I previously blogged about needing people to pop round and feed the cats while we're away, but I am far too idle to go and look up that post, so I wonder whether I might repeat the request here and now? I'm thinking, say, 4(or5)-evening blocks where you pop in, feed the cats, stay to chat to them for a bit, maybe watch some TV, raid our bookshelves (leaving a note!) and wander off again. We do not have DSTV. Anyone? Anyone?

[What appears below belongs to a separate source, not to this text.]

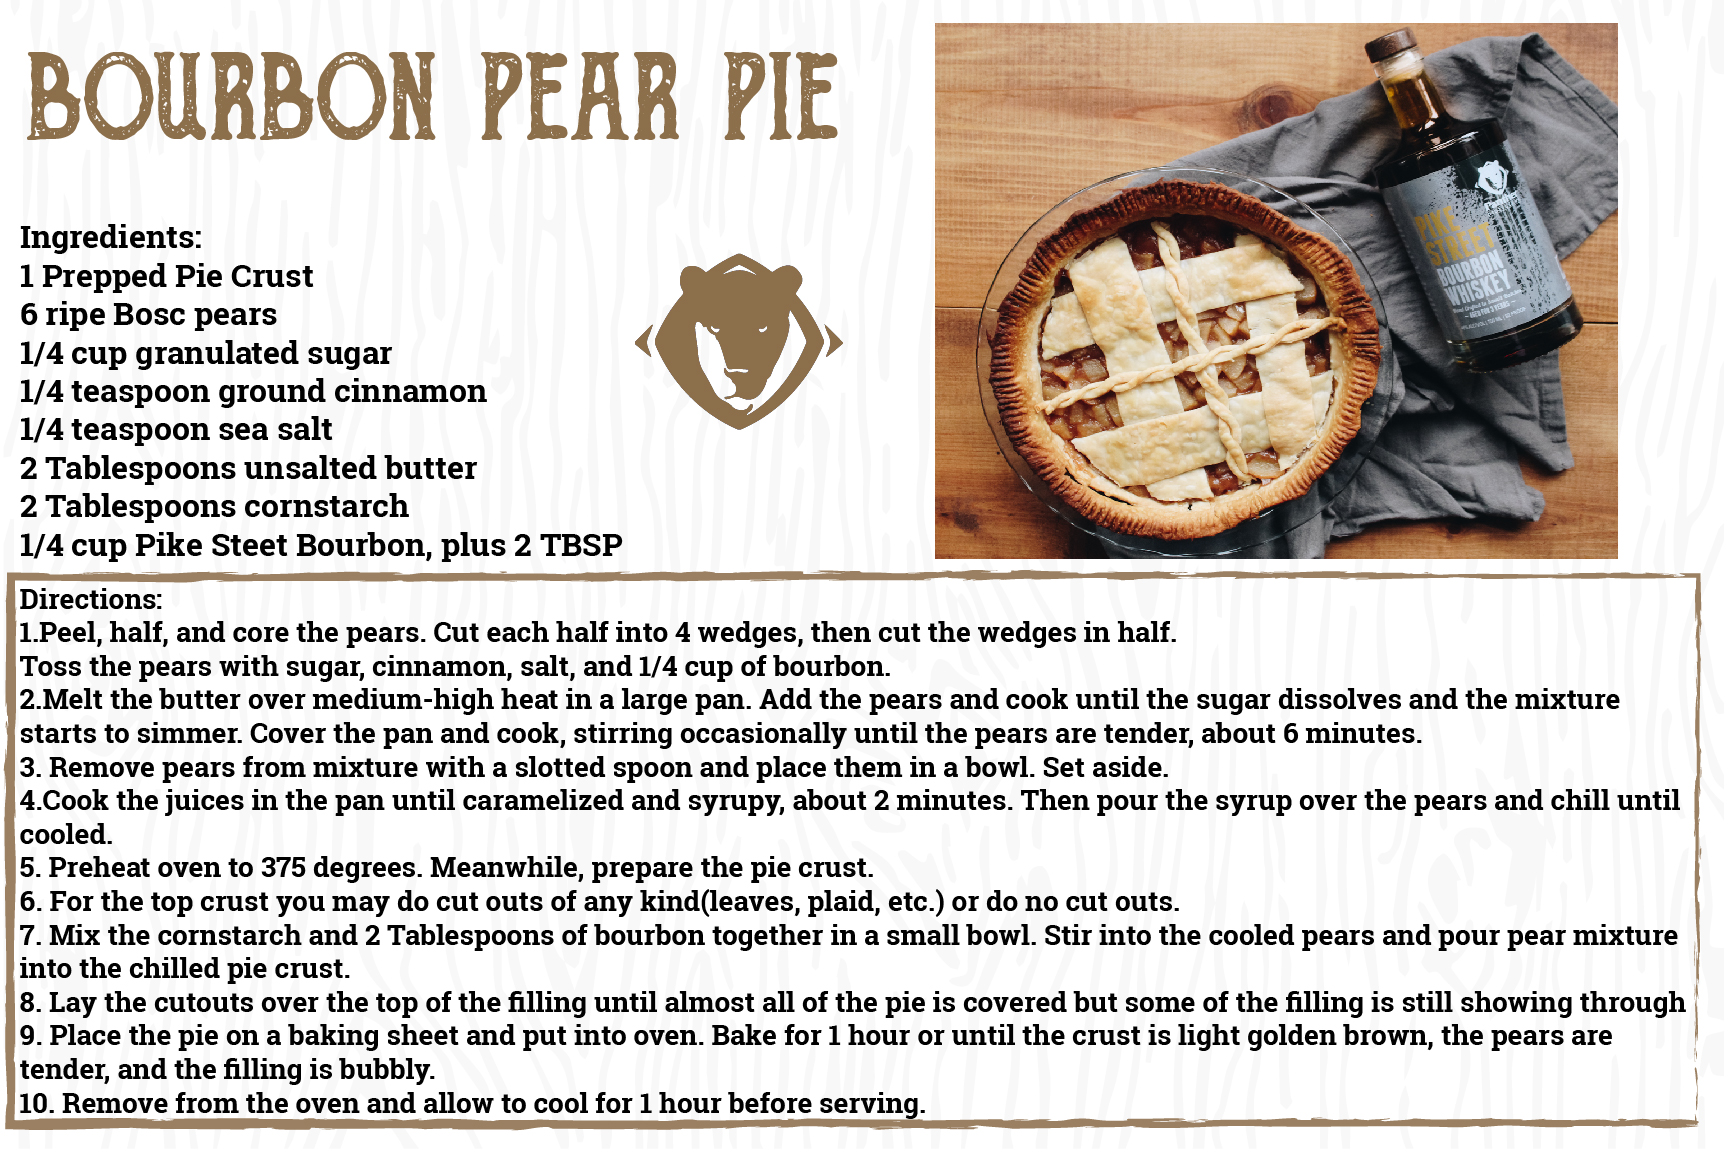 Bourbon Pear Pie
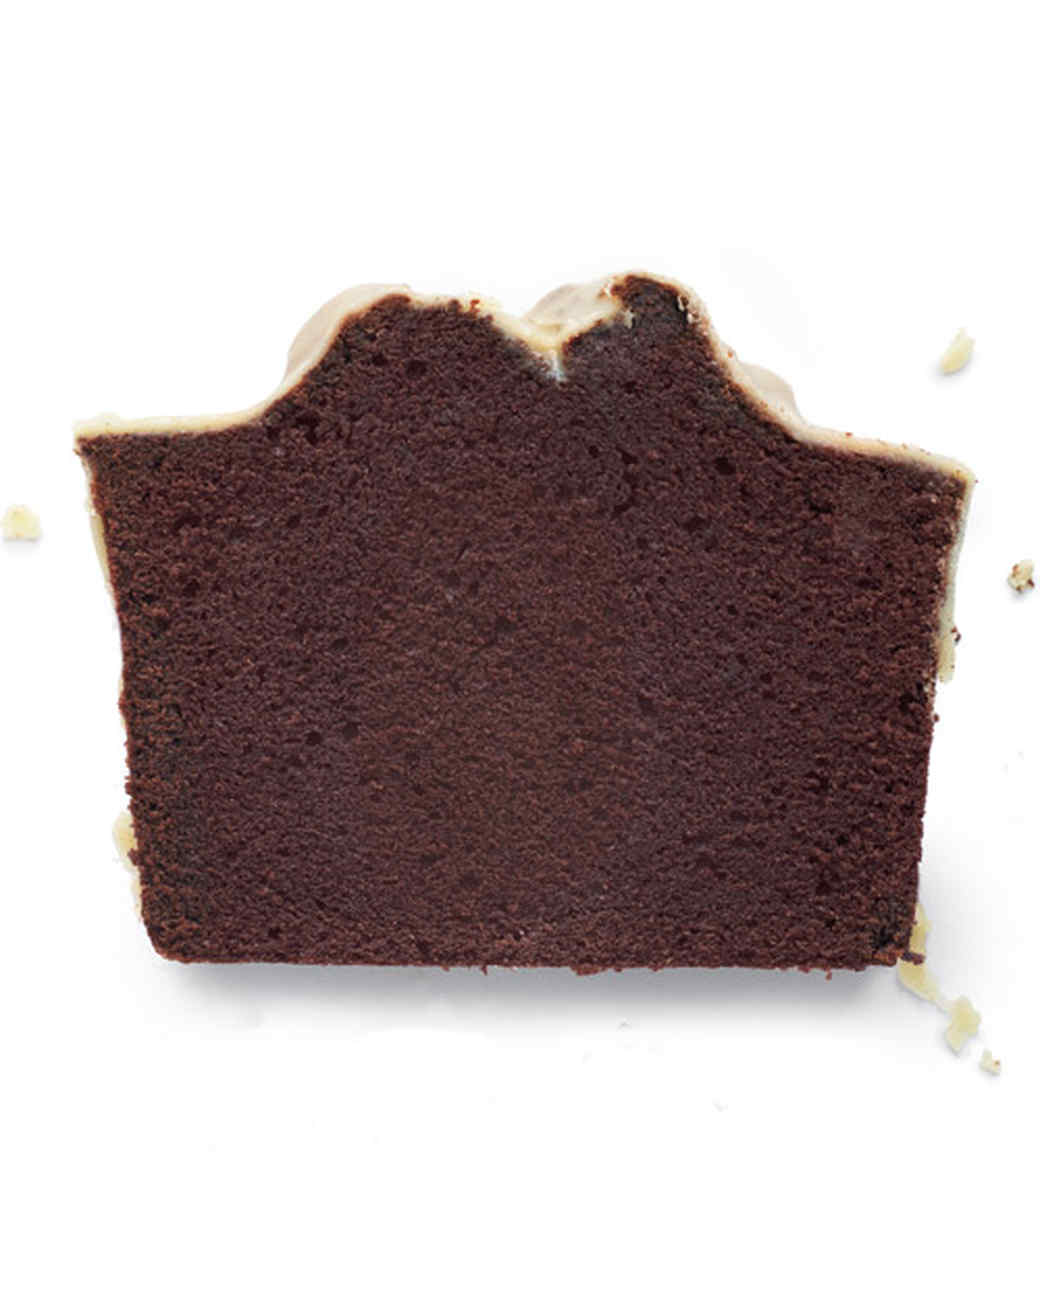 Cake boss chocolate pound cake recipe

On a completely different note, there's something I've been meaning to blog about for ages and keep forgetting. There's a group of three vet shops, the one in Rondebosch, the one in Constantia and the one in Long Beach, that are doing this rather unusual fundraising thing. They are collecting those little pastic tags used to close the bags of loaves of bread and, apparently, one million of those buys a wheelchair for a disabled person. I asked how this particular economy works and it's something like this: the pastic gets melted down into blocks, which are then used by someone who makes plastic lawn furniture. Either the actual money comes from the sale of the furniture, or from the sale of the blocks to the furniture maker, but somehwere along there's actual money which goes into a wheelchair savings fund. They're on their way to the third or fourth wheelchair, I forget which. Anyway, perhaps collect those plastic tags (if you don't already recycle them) and hand them over for this good cause?
On Wednesday I get a new laptop! So exciting!